Presently she felt she loved him. Her flesh called to his: learned to miss him: tingled with expectation at his approach. And he was always there. Before work, at lunchtime, after work. In the middle of the night. If work called him away there were flowers and phone calls. Sometimes she wondered if the love she felt was a mental haziness induced by lack of sleep.
‘Has he taken you to meet his mother?’ asked Irma, and shook her head dubiously when Praxis said he had not. Sometimes Praxis wanted to be Ivor’s wife; sometimes she did not.

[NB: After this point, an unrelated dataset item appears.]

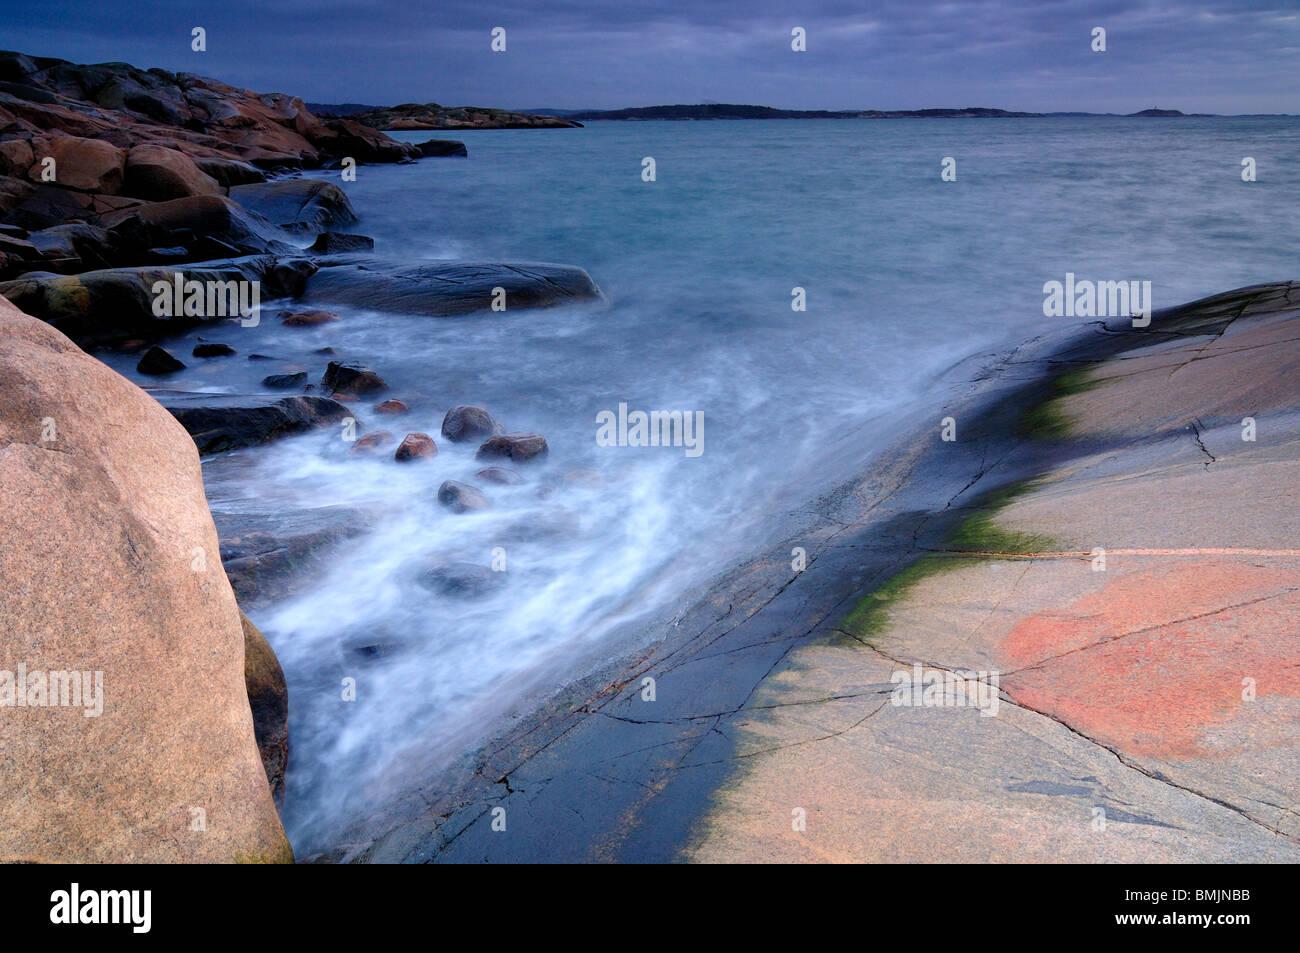 Flat rocks at the ocean - Stock Image

‘Anyway,’ said Irma, ‘it doesn’t matter to us. Phillip’s changed firms. He’s making boring documentaries now, of a sociological nature: he’s lost all interest in soup mixes. I think I preferred the old days. At least people laughed at the dinner table, and noticed what they ate. These days they just drone on, and use their soup spoons to eat the pudding.’
Praxis was offered a job in the Research Department at the BBC. She accepted. Ivor was angry. It meant a small drop in her salary but good prospects of promotion.

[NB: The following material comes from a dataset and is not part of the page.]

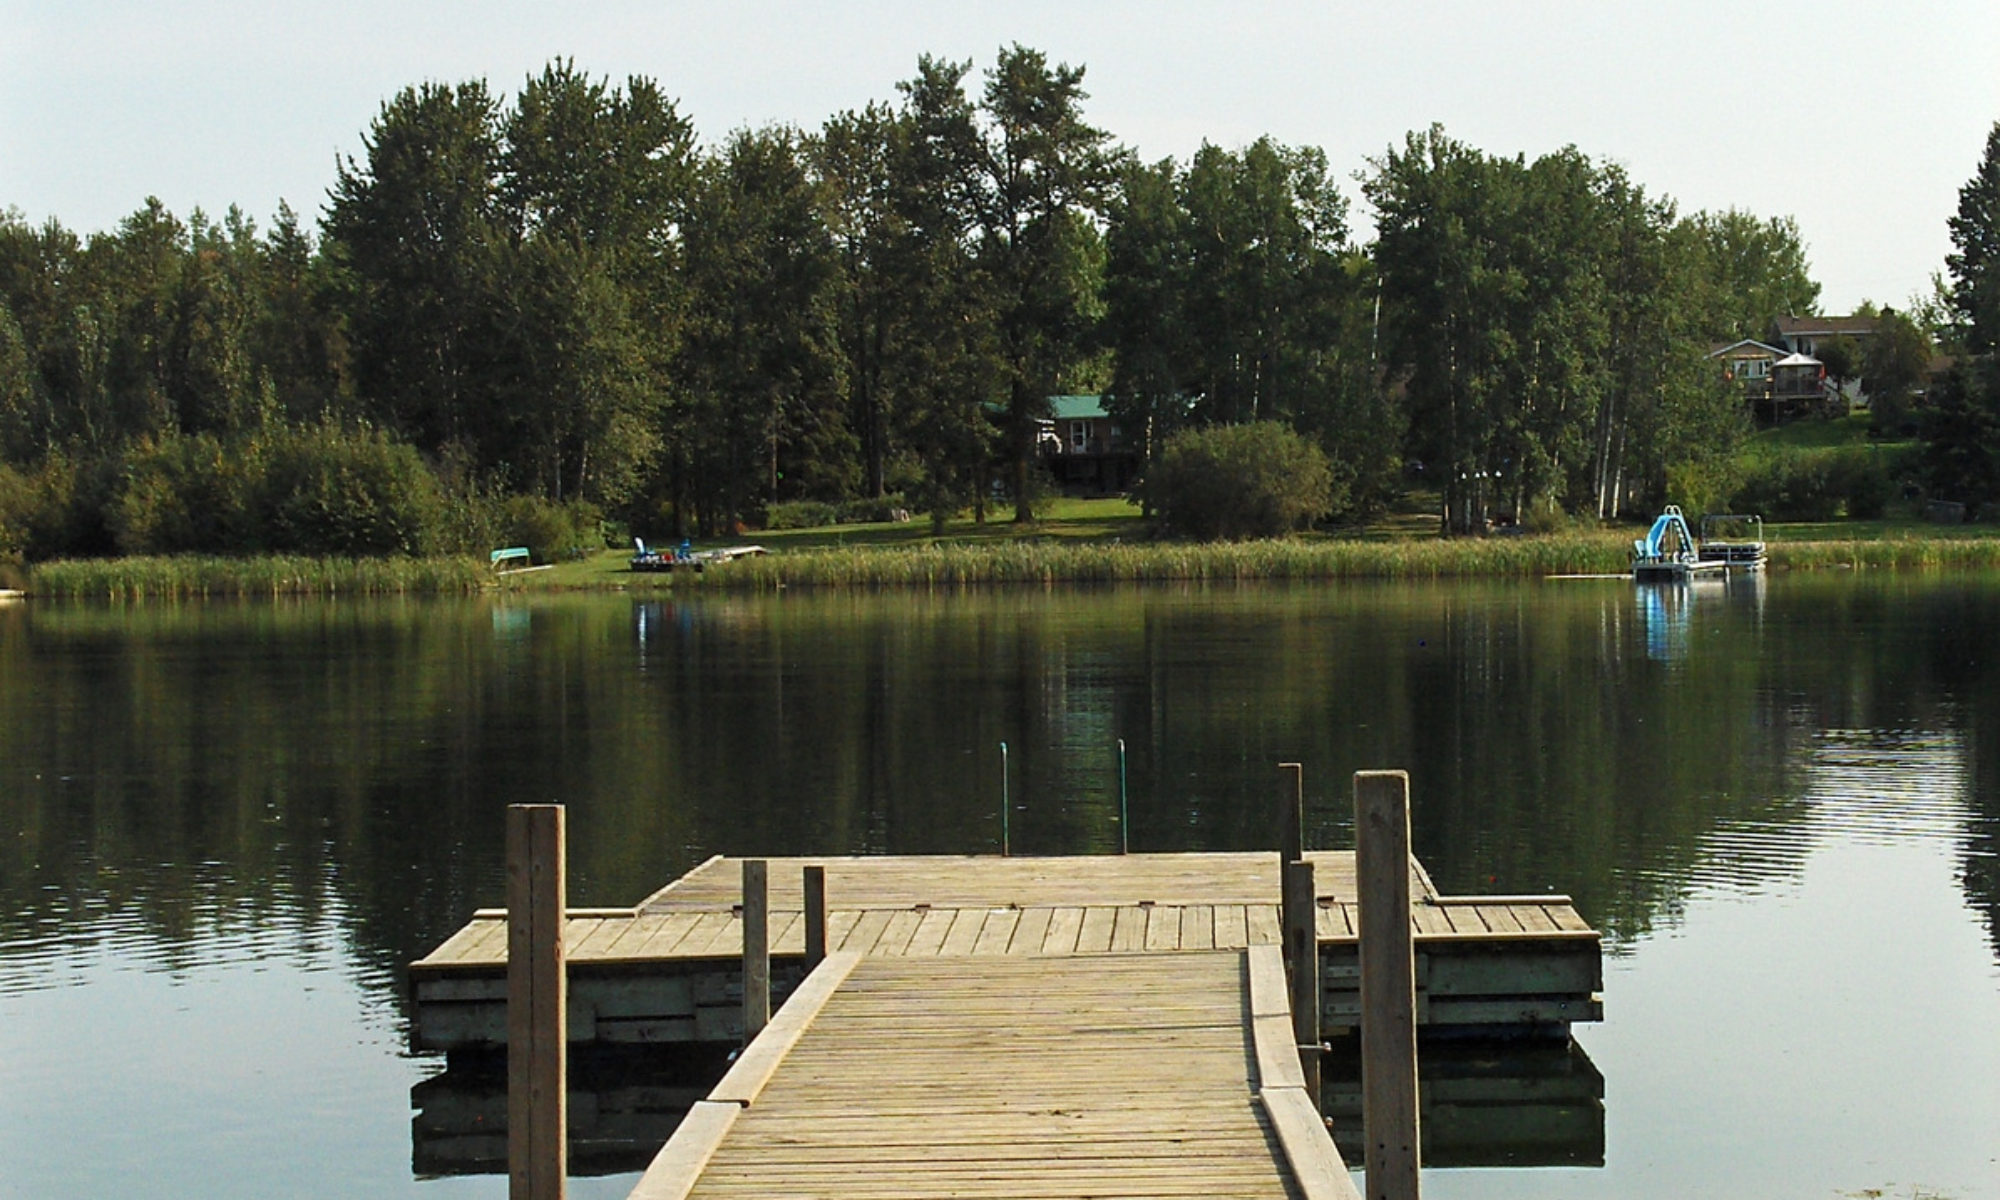 Hubbles Lake Resort

‘It’s a waste of time,’ he said. ‘You’ll have to work far too hard for not nearly enough money. They’re only taking advantage of you. You must turn it down. You’re happy where you are.’
Ivor liked to have Praxis where he could see her; where he was accustomed to seeing her, flanked by girls on either side. In the Research Department she worked for men, amongst men.
‘I’ll do as I choose,’ said Praxis. ‘We’re not married.’
He did not see her for two days. She cried in bed; and wondered where Colleen was, and whether she still cried at night, or whether she was happy water-skiing on Bondi Beach, amongst the sharks, and if the Pacific winds had blown Michael’s asthma clean away.
Ivor came back, as if nothing had happened; except that he slapped her once or twice during their love-making. Praxis had won, in a way: but she knew from the occasional sad expression on his face that he had considered asking her to marry him and decided against it. She was not a suitable wife for a rising business executive. Suitable wives were virgins, or all but virgins; they did not have complex pasts and unhappy childhoods, best not spoken about: they did not take jobs which went against a prospective husband’s grain.
Praxis liked her new job. She would do all the work required on this programme or that, quickly and easily, and her immediate superior would get his name on the screen. She did not mind. She thought that to have it there would only upset Ivor the more.
Willy, on one of the few occasions that Praxis now visited Brighton—for Ivor liked to take her out to lunch on Saturdays, and to the pictures on Sunday—remarked that Praxis had become rather boring. She hoped that it was jealousy speaking, but feared that he was right. Certainly, when she was with Willy and Carla, she seemed to have nothing to say. She had lost her dread of Holden Road, but at the same time it no longer seemed like home. She had no rights in it. The whole house sparkled and gleamed: Carla sang as she serviced it. The garden was neat: the drive was weed-free. Willy’s bike was oiled. The front door opened easily. All this Carla accomplished, as well as working in Willy’s canteen. Willy bought Carla fabric in the markets, and she made it up into clothes for Mary, which lay properly ironed and neatly folded in the drawers. In Praxis’ day Mary’s drawers had been a jumble of mostly unwearable garments, shrunk vests, and single socks.